2. Could a legislative solution be effective?

 

    As a part of this approach, the importance of a possible legistlative action should not be dismissed: it is true, indeed, that all the problems which might derive from the "millennium bug" could be framed within the existing instruments and tackled therewith.  We cannot determine, however, which and how much contentious will surface before we hammer out videly acceptable jurisprudential solutions.  Above all, we do not know how long it will take for such solutions to be defined:  it will be necessary, in fact, that each of the problems that will be mentioned herein, be heard before the High Court, and thereupon a solution be defined that be accepted by operators and the jurisprudence of reference.  Times - as it appears - may be very long, leaving room, in the meanwhile, for a contentious which, according to the usual american estimates, could tur out to be devastating.

    It does not come by chance, then, that in the US a federal bill is being approved (following several state laws).  The main features of the bill, as agreed after lenghty discussions between the House, the Senate and the White House that should grant an early approval, are a ninety days moratorium for all lawsuites to allow interested subjects to possibly resolve the problems; a 250,000 $US damage compensation ceiling, or three times the damage for private subjects or business with less that 50 employees;  definition of a formula for business damage assessment and aknowledgment of compensation only to an extent apportioned to the business contribution to the damage;  the provision that class actions involving participation of large number of subjects (over 100) or very high compensation requests (over 10 million $US) may be filed only before federal courts (and not before state courts).

 

3. Do software manufacturer responsibilities exist?

 

    In the responsibility chain, the first issue is to ascertain whether Y2K affected software manufacturers bear any responsibilities: indeed, within the relationship that binds a software manufacturer (software house) or supplier to a customer or user, be it a private business or a public administration, some sort of contractual responsibilities could be traced, on which also all disputes of a contractual nature (damage to buyers from use of flawed product and service) and extra-contractual nature (damage to the third by flawed product or service) could be based.

    In fact, "the supply by a software house, to an insurance agency, of information hardware and specifically designed application programs must be qualified, irrespective of the wording of the contractual documentation, as an atypical unitary contract (mixed contract) for the supply of an information system that must produce a given result.  Should the supplied information system prove unsuitable for the specified use, the contract would be void due to non-fulfilment on the part of the software house".  (Court of Turin, March 13, 1993).

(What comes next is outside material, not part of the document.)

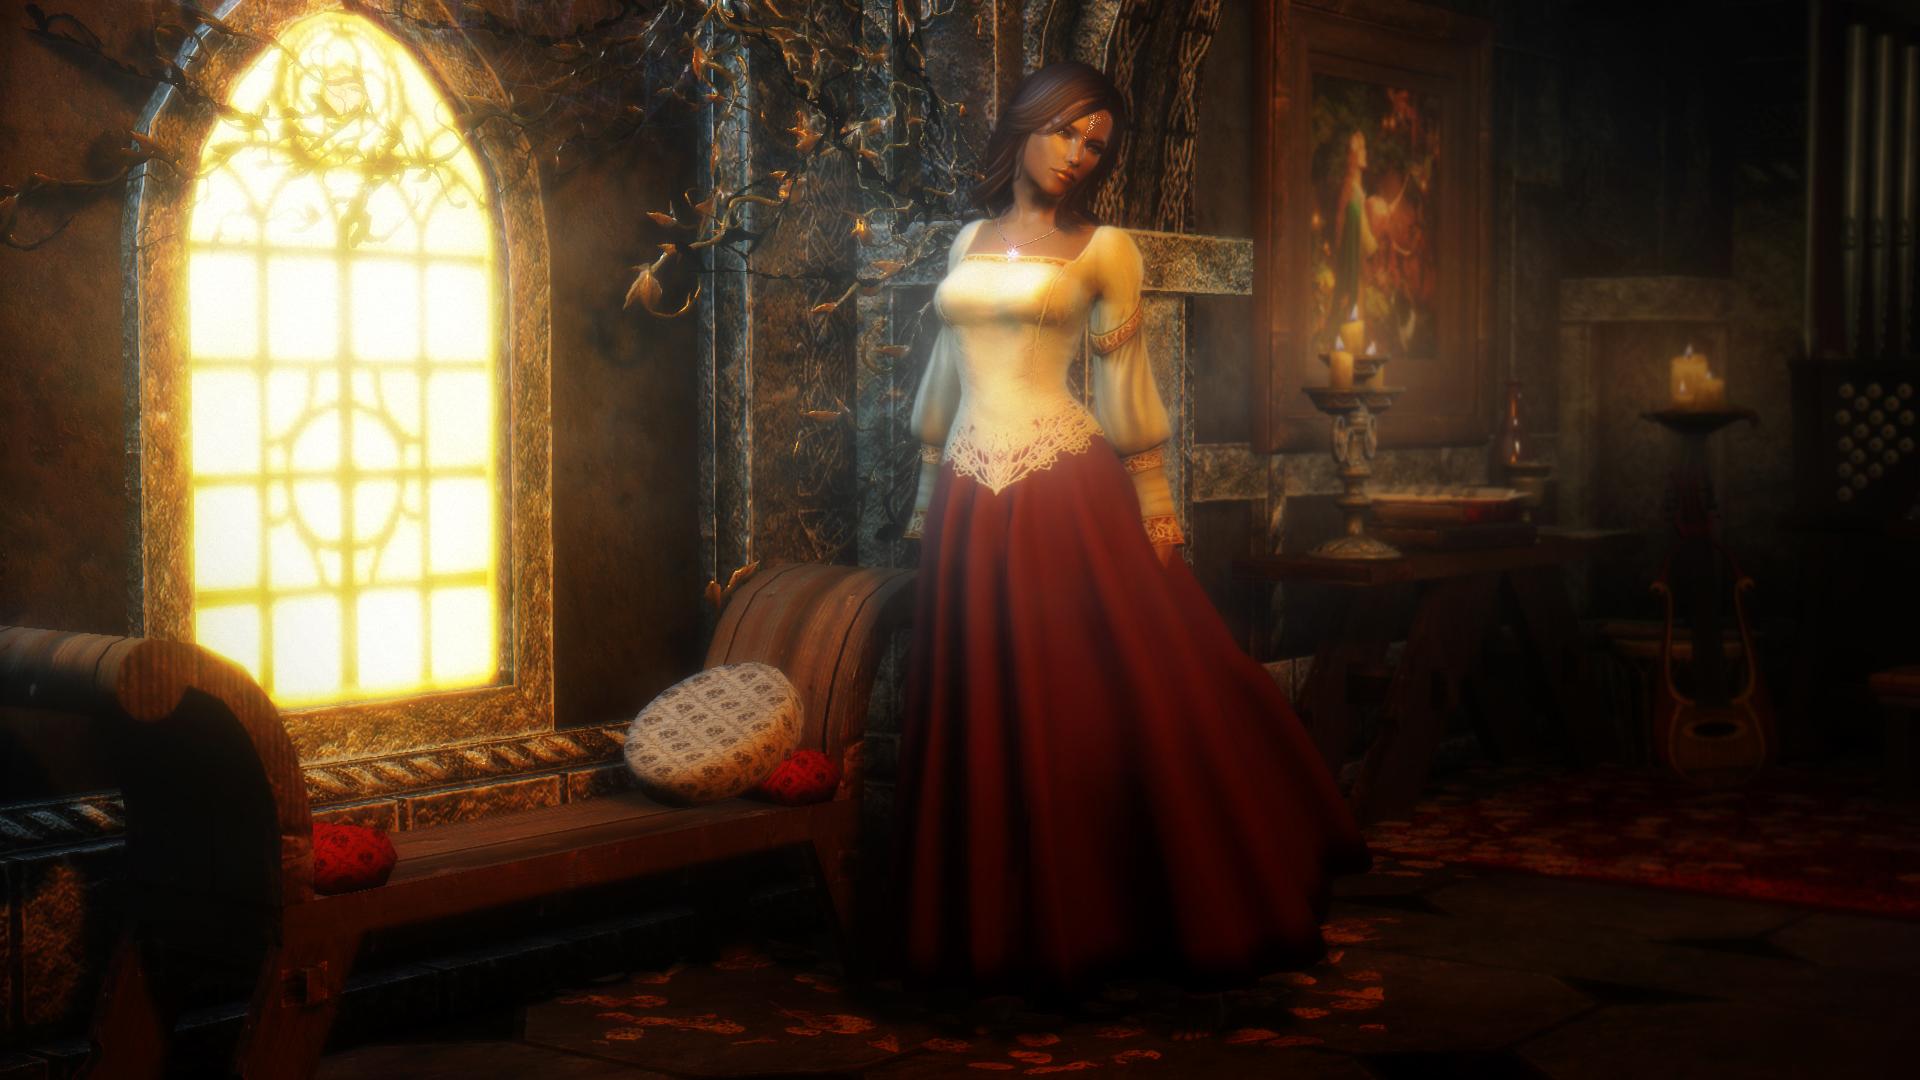 Skyrim Wedding Dress.Noble Wedding Dress Elder Scrolls Skyrim Clothing Images Page 2

    In light of this principle, the negative effects upon the functioning of information systems of any kind of public or private enterprise caused by date-change-non-compliant software, could be debited to the program manufacturer whom the program mainly designs and renders operational.

    If the causes of the year 2000 bug are more closely reviewed, a manufacturer or supplier's responsibility could be outlined which today many analysts tend to exclude.

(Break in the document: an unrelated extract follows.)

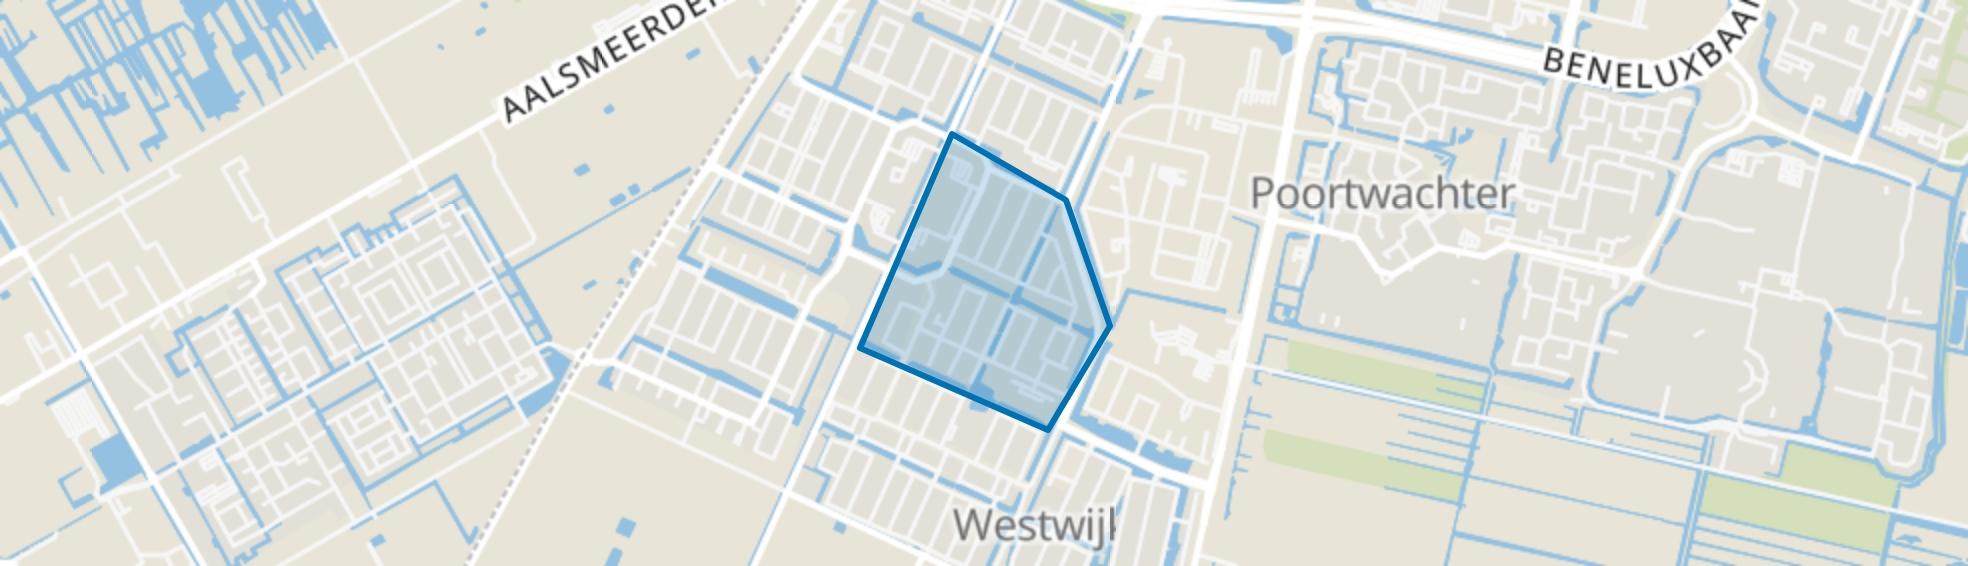 Theaterbuurt, Amstelveen map

    According to a widspread technical approach, we could state that the choice that has determined the "millennium bug" (that is, the use of two digits, instead of four, to indicate date year) has been the result of carelessness or thoughtlessness.  Aside from the fact that many of the "indicted" codes were written starting in 1950 and, therefore, also using the two bit system indicating only the last two digits for the year and able to cover the lenght of a century, it would have been possible to stretch out program correct functionality at least of an additional 100 years starting in 1950 (considering as year "0" the year the software was written - e.g., 1950 -, we could have reached 2049).  It is the opinion of the most careful analysts that with a higher level of attention and no need for memory addition, a lapse of 256 years could be covered (this could be accomplished by using a combination of one byte, corresponding to 8 bits).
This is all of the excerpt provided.